In late April 2026, DeepSeek replaced its deepseek-chat and deepseek-reasoner endpoints with two new models: deepseek-v4-flash and deepseek-v4-pro. The launch ends six months of speculation about V4 — and confirms most of what the leaks predicted: a Mixture-of-Experts architecture scaling to 1.6 trillion parameters at the Pro tier, a 1-million-token context window backed by the new Engram conditional memory system, and pricing that undercuts every other frontier-tier model by an order of magnitude.

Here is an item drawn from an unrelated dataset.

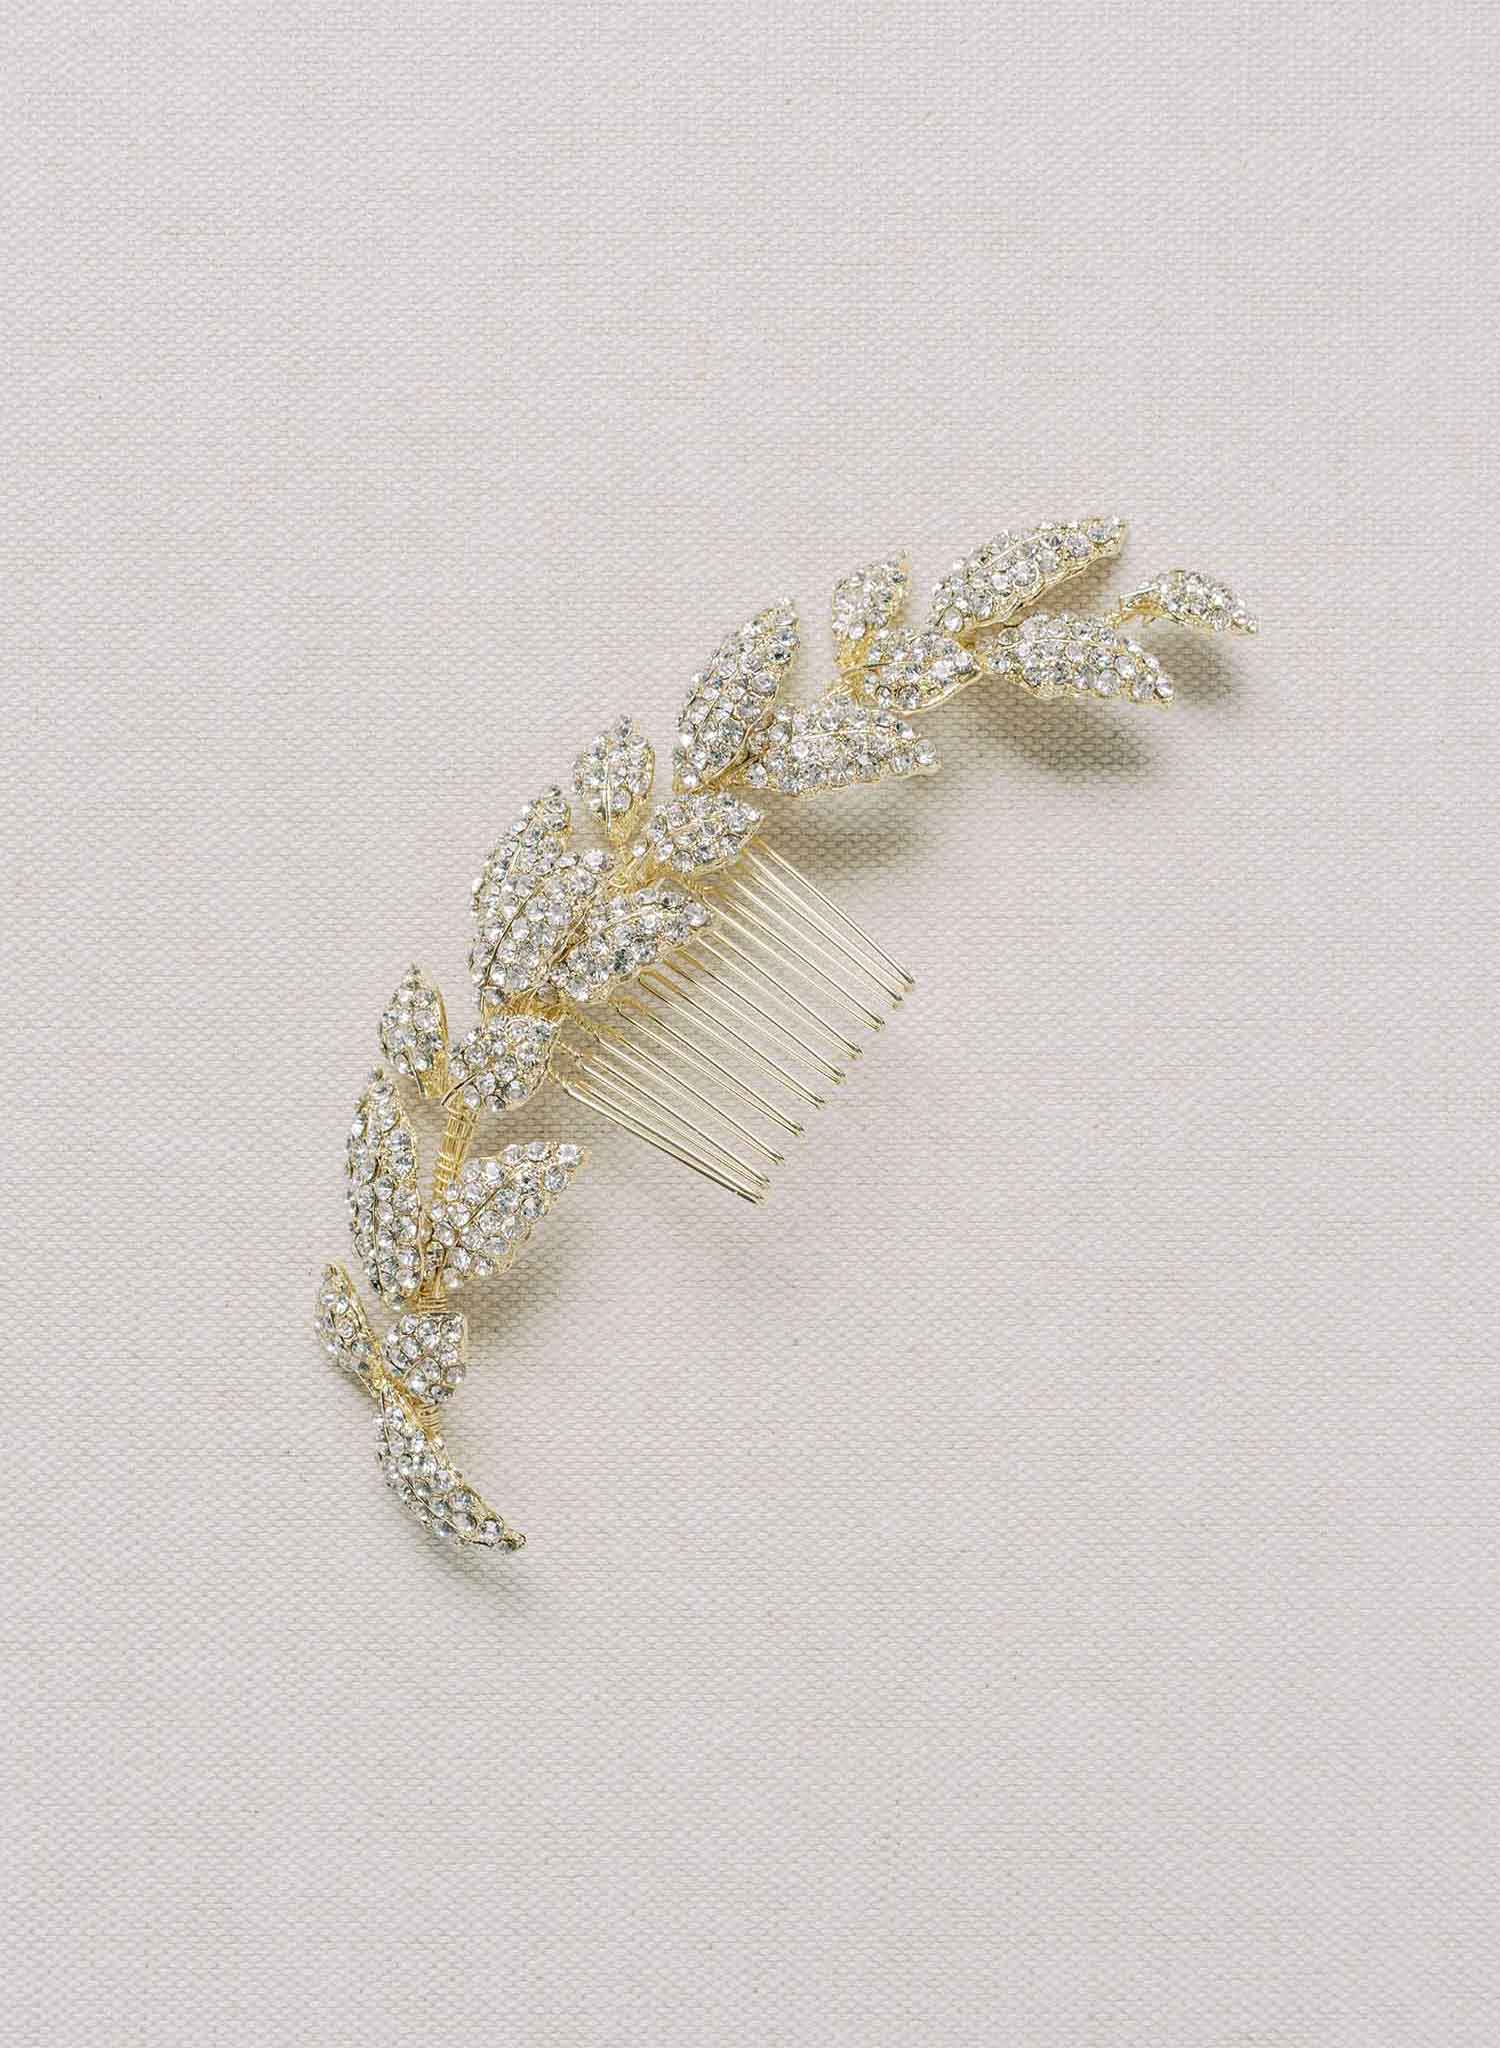 Crystal encrusted leaves hair comb - Style #2147
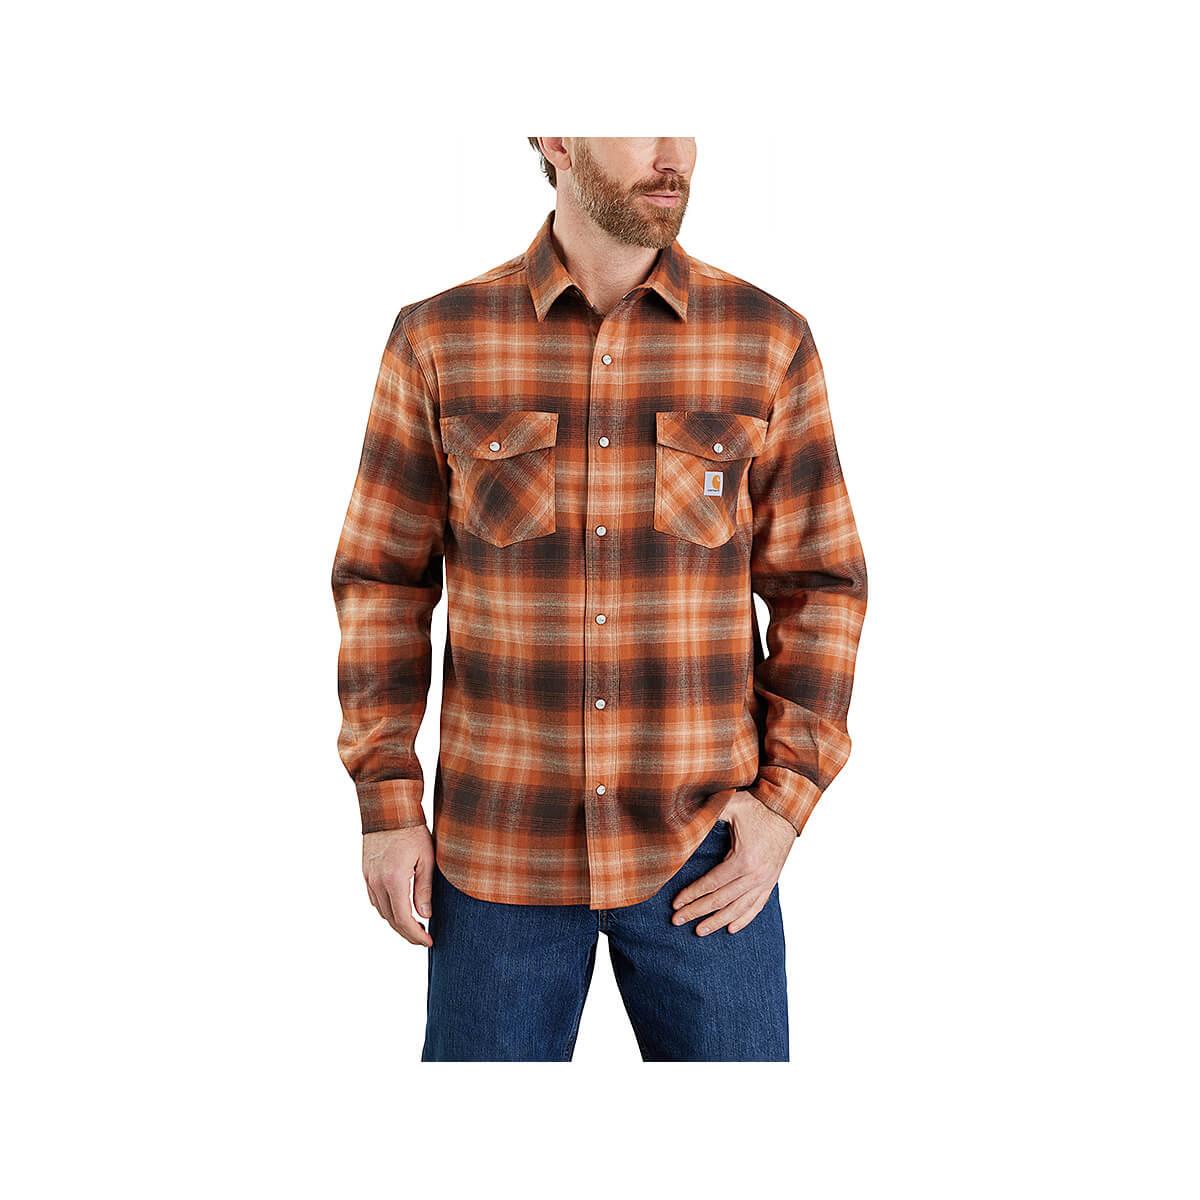  Men's Rugged Flex Relaxed Fit Midweight Flannel Long Sleeve Snap Front Plaid Shirt

This guide walks through what DeepSeek V4 actually ships with, how the two-tier model split changes deployment decisions, and where it fits in the document-to-slide pipeline against GPT-5.5 and MiMo-V2.5-Pro.

What Is DeepSeek V4?

DeepSeek V4 is the fourth-generation flagship from the Hangzhou-based research lab, succeeding DeepSeek V3 (671B parameters, $5.6M training cost on 14.8T tokens). The two models exposed at launch are positioned for very different cost-quality tradeoffs — and crucially, they are not the same model at different price points. They have different parameter counts, different active-parameter footprints, and different intended workloads:

DeepSeek V4 official model spec table comparing deepseek-v4-pro and deepseek-v4-flash on total parameters, active parameters, pretraining tokens, context length, open-source availability, API status, and reasoning mode

  • deepseek-v4-flash — the volume model at 284B total parameters / 13B active per token, pretrained on 32T tokens. Replaces both deepseek-chat (the V3.5 generalist) and deepseek-reasoner (the V3.2-Speciale reasoning variant). Single endpoint, "Instant Mode" inference.
  • deepseek-v4-pro — the premium tier at 1.6T total parameters / 49B active per token, pretrained on 33T tokens. "Expert Mode" inference with the strongest reasoning ceiling, intended for the hardest agentic and analytical workloads.

Both models share:

  • Architecture: Mixture-of-Experts (parameter counts above)
  • Context window: 1 million tokens
  • Maximum output: 384,000 tokens
  • Memory system: Engram conditional memory
  • Modalities: Native text, image, and video (multimodal pre-training, not bolt-on)
  • Reasoning modes: Both non-thinking and thinking (default), switchable per request
  • Tool use: JSON output, function calling, chat prefix completion (beta)
  • API surface: OpenAI-compatible at api.deepseek.com and Anthropic-compatible at api.deepseek.com/anthropic
  • Open-source: Both tiers planned for Apache 2.0 release following the API launch

The 5.6× parameter spread between Flash and Pro is wider than any other frontier-tier vendor's tier split — it is closer in spirit to OpenAI's GPT-5.5 vs GPT-5.5 Pro relationship than to a simple "small" / "large" pairing. Flash is a genuinely different model architecture optimized for cost; Pro is the capability-ceiling model.

Pricing: The Most Aggressive Frontier-Tier Pricing Ever

The pricing is the headline. At full price, DeepSeek V4-Flash is roughly 18× cheaper than GPT-5.5 on input and 107× cheaper on output — for a model that, on internal benchmarks, claims comparable performance.

ModelInput (cache hit)Input (cache miss)Output
deepseek-v4-flash$0.028 / 1M$0.14 / 1M$0.28 / 1M
deepseek-v4-pro$0.145 / 1M$1.74 / 1M$3.48 / 1M
GPT-5.5$5.00 / 1M$30.00 / 1M
Claude Opus 4.7$5.00 / 1M$25.00 / 1M
MiMo-V2.5$1.00 / 1M$3.00 / 1M

A workflow that costs $300 on MiMo-V2.5 and $3,000 on Claude Opus 4.7 costs roughly $28 on DeepSeek V4-Flash. With cache hits factored in, the marginal cost of repeated similar queries drops by another 5×.

The cache-hit pricing matters more than it looks. DeepSeek's KV cache reuse across similar prompts — common in agentic loops, RAG pipelines, and document analysis where the same source context appears across many queries — means real-world costs sit much closer to the cache-hit number than the cache-miss number.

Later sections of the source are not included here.